Traditional air combat decision methods require accurate modeling of a complex and changeable air combat process, which is usually difficult to achieve. With the expansion of the decision space, it is also faced with dimension explosion, which leads to difficulties in solving problems and low real-time performance. Emerging research methods represented by deep reinforcement learning (DRL) train an agent through a trial-and-error mechanism, which removes accurate modeling and generates maneuver decision with data based on a neural network to improve solution efficiency [16].
The feasibility of autonomous maneuver decision based on reinforcement learning (RL) was proved in [17]. However, motion of UCAVs was only considered in the 2D plane, and research on the motion of UCAVs in the 3D space was lacking in the paper. An intelligent tactical decision method based on a deep Q-learning network (DQN) was proposed in [18]. In order to verify the validity of the method, an enemy based on Min-Max algorithm was also designed. The simulation results showed that the decision-making performance of the DQN approach was quicker and more effective than the Min-Max recursive approach. However, velocity was not considered as a feature vector in the input of the neural network, which may have affected the convergence rate of the method. In [19], a heuristic Q-network method was proposed to improve the efficiency of reinforcement learning, which realizes self-learning of air confrontation maneuver strategy and, finally, helps the fighters make reasonable maneuver decisions independently under different air confrontation situations. However, similar to [17], the influence of changes in altitude on the motion of UCAVs was not considered. In [20], an autonomous maneuver decision model based on a deep Q network was proposed for UCAVs in short-range air combat; however, velocity and angles were coupled in the definition of an air combat situational advantage, which may interfere in the process of learning optimal strategies with a reward function. A novel maneuver strategy generation algorithm based on a state-adversarial deep deterministic policy gradient algorithm was proposed in [21], but the experimental results in the paper only proved the effectiveness of the algorithm in the 2D plane.
There are two main inadequacies in the existing research on air combat maneuver decision based on deep reinforcement learning: one is that the training environment of the agent is different from actual air combat, which limits the application of the research results; the other is that factors affecting air combat are not fully considered, which affects the learning efficiency of the agent.

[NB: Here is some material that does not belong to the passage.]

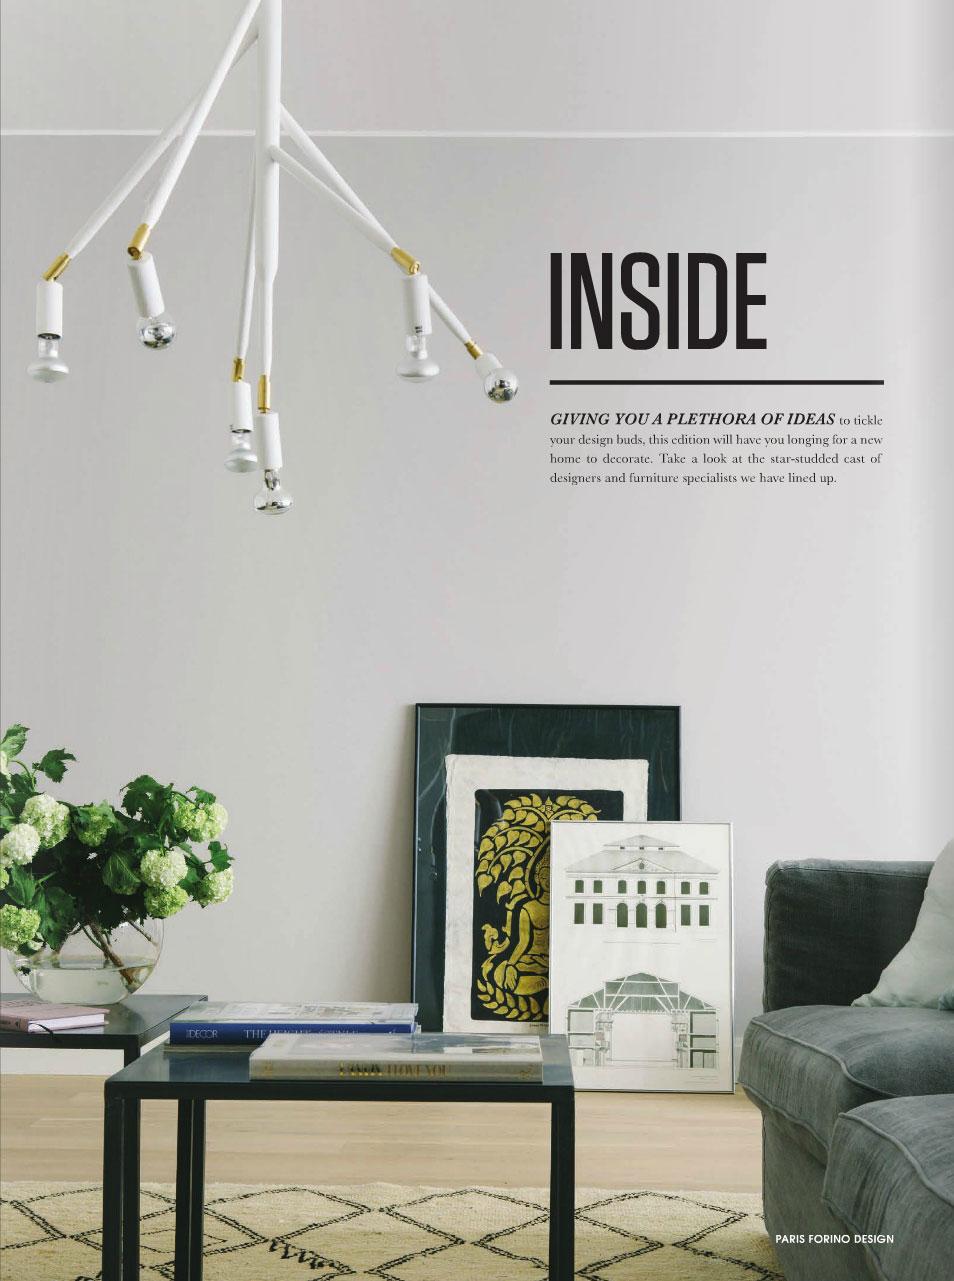 Florida Interior design firm on 9FI5TH

In this paper, a novel UCAV air combat maneuver decision method based on a proximal policy optimization algorithm (PPO) [22] is proposed. Firstly, a general UAV short-range air combat confrontation framework was established including a motion model of a fixed-wing aircraft and a situation assessment model of air combat. In order to verify the effectiveness of the method, an enemy maneuver strategy based on a greedy algorithm was designed. Then, the action space based on a basic maneuver library and the state observation space of the agent were constructed. The maneuver policy was generated by training with the PPO algorithm. A reward function, based on situation reward shaping, was designed for accelerating the convergence rate of the algorithm. Finally, simulations of one-to-one, short-range air combat in stochastic situations were carried out to verify the effectiveness of the PPO algorithm. The winning rate of the PPO algorithm reached 62%, and the corresponding losing rate was only 11%. The results of the simulations showed that the maneuver decision method proposed in this paper can enable UCAVs to learn the maneuver policy autonomously and defeat the enemy.
The paper is arranged as follows: the general UCAV short-range air combat confrontation framework is constructed in Section 2; the agent training method based on deep reinforcement learning is designed in Section 3; the simulation analysis is performed in Section 4; Section 5 summarizes the research.

2. Air Combat Confrontation Framework

In this section, the simulation environment of general UCAV short-range air combat is constructed, which mainly included a UCAV motion model, air combat situation assessment model, and enemy maneuver strategy based on the situation assessment. The UCAV motion model provides a research object for air combat maneuver decision. The air combat situation assessment model is the basis for evaluating the advantages and disadvantages of the air combat maneuver decision, and the enemy maneuver strategy based on the situation assessment adds antagonism to the air combat simulation environment and serves as a training opponent to verify the effectiveness of the air combat maneuver decision based on deep reinforcement learning.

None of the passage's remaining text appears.